Figure Legends
Figure 1a. Schematic of DLP: A host interactor protein (red) and pathogen protein (orange) that interacts with the same host protein (blue) share a similar domain X (yellow). In this way, the pathogen protein can mimic the domain of the host interactor protein and competes with it to bind to the host protein, thus causing the disease.b. Schematic of MLP: A host interactor protein (red) and pathogen protein (yellow) that interacts with the same host protein (blue) share a similar motif X (orange). In this way the pathogen protein can mimic the motif of the host interactor protein and competes with it to bind to the host protein, thus causing the disease.
Figure 2. Database schematic: The basic pipeline for search options is represented on the left and the basic workflow as well as the count of entities in the database are shown on the right.
Figure 3. Global and local imitation of host proteins by pathogens : Graph depicting the total interactions and the interactions characterized by mimicked domains and motifs for different categories of pathogen.
Figure 4 a. Frequently occurring domains: Bar graph showing the frequency of top 10 domains mimicked by pathogens in the database. The description of the domains is as follows: PHA03247- large tegument protein UL36; Smc- Chromosome segregation ATPase; SMC_prok_B- chromosome segregation protein SMC: common bacterial type; PKc- Catalytic domain of Protein Kinases; STKc_PknB_like- Catalytic domain of bacterial Serine/Threonine kinases, PknB and similar proteins; STKc_CMGC- Catalytic domain of CMGC family Serine/Threonine Kinases; STKc_CAMK- The catalytic domain of CAMK family Serine/Threonine Kinases; STKc_AMPK-like- Catalytic domain of AMP-activated protein kinase-like Serine/Threonine Kinases; STKc_PDK1- Catalytic domain of the Serine/Threonine Kinase, Phosphoinositide-dependent kinase 1; STKc_MLCK-like- Catalytic kinase domain of Myosin Light Chain Kinase-like Serine/Threonine Kinases. b. Frequently occurring motifs: Bar graph showing the frequency of top 10 motifs mimicked by pathogens in the database. The description of the motifs is as follows: PKC_PHOSPHO_SITE- Protein kinase C phosphorylation site; CK2_PHOPHO_SITE- Casein kinase II phosphorylation site; MYRISTYL- N-myristoylation site; ASN_GLYCOSYLATION- N-glycosylation site; CAMP_PHOSPHO_SITE- cAMP- and cGMP-dependent protein kinase phosphorylation site; AMIDATION- Amidation site; TYR_PHOSPHO_SITE_1- Tyrosine kinase phosphorylation site 1; TYR_PHOSPHO_SITE_2- Tyrosine kinase phosphorylation site 2; RGD- Cell attachment sequence; PRO_RICH- Proline-rich region profile.

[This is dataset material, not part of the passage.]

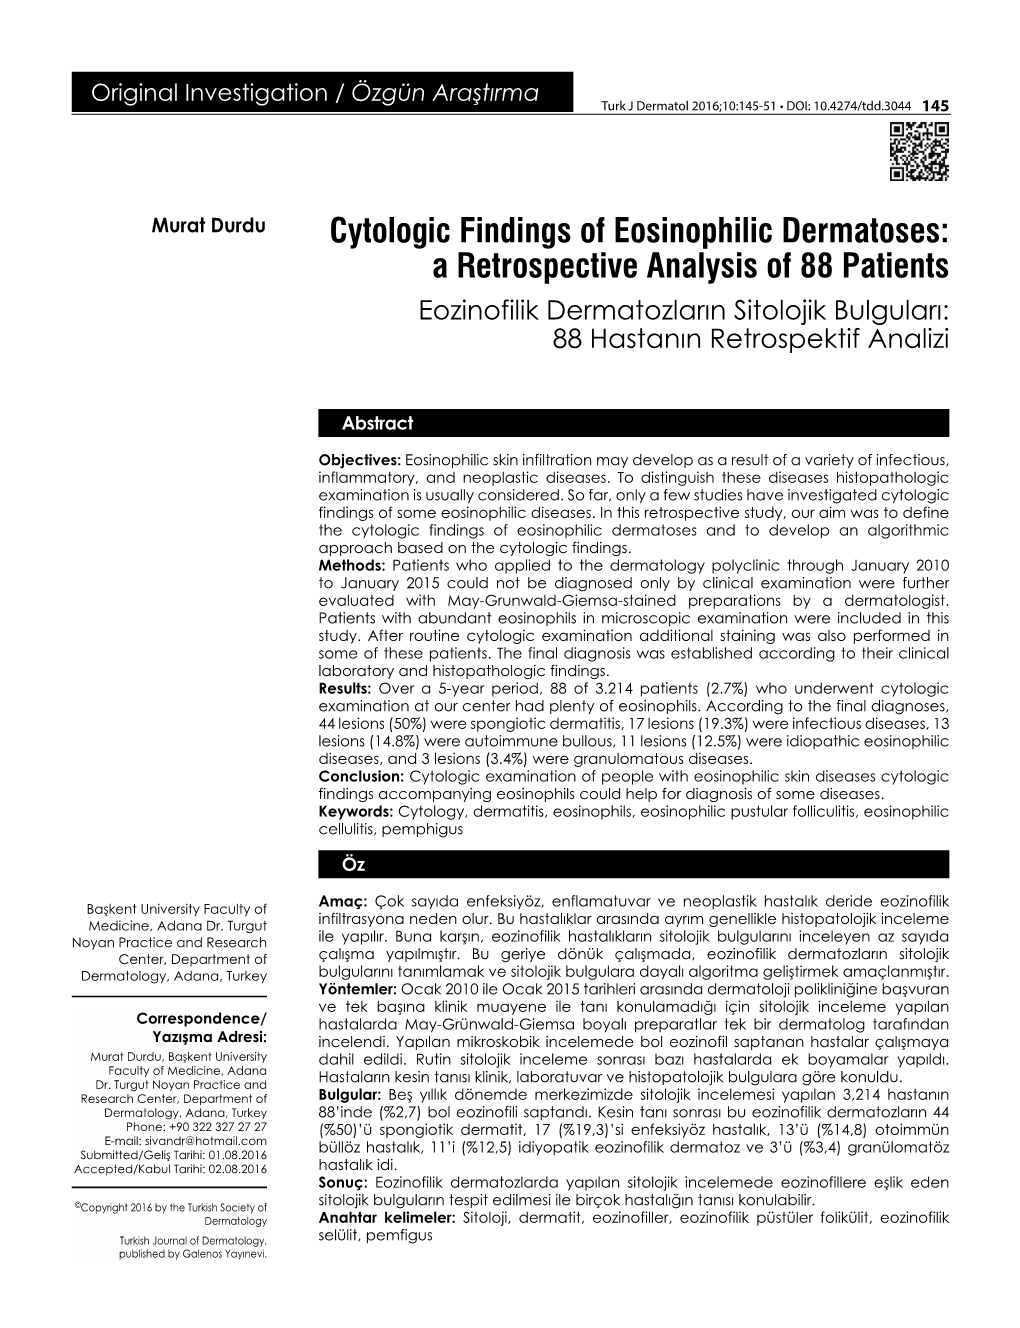 Cytologic Findings of Eosinophilic Dermatoses: a Retrospective Analysis of 88 Patients Eozinofilik Dermatozların Sitolojik Bulguları: 88 Hastanın Retrospektif Analizi

Figure 5 Enriched pathways in host proteins: Bar graph depicting the enriched pathways of host proteins in the database along with their enrichment percentage.
Figure 6 a. The ImitateDB web interface: Expanded view of the search panel of the web interface showing the steps to query the ImitateDB database. b.Receive large result files by email: Expanded view of the mailer popped up the on the ImitateDB interface.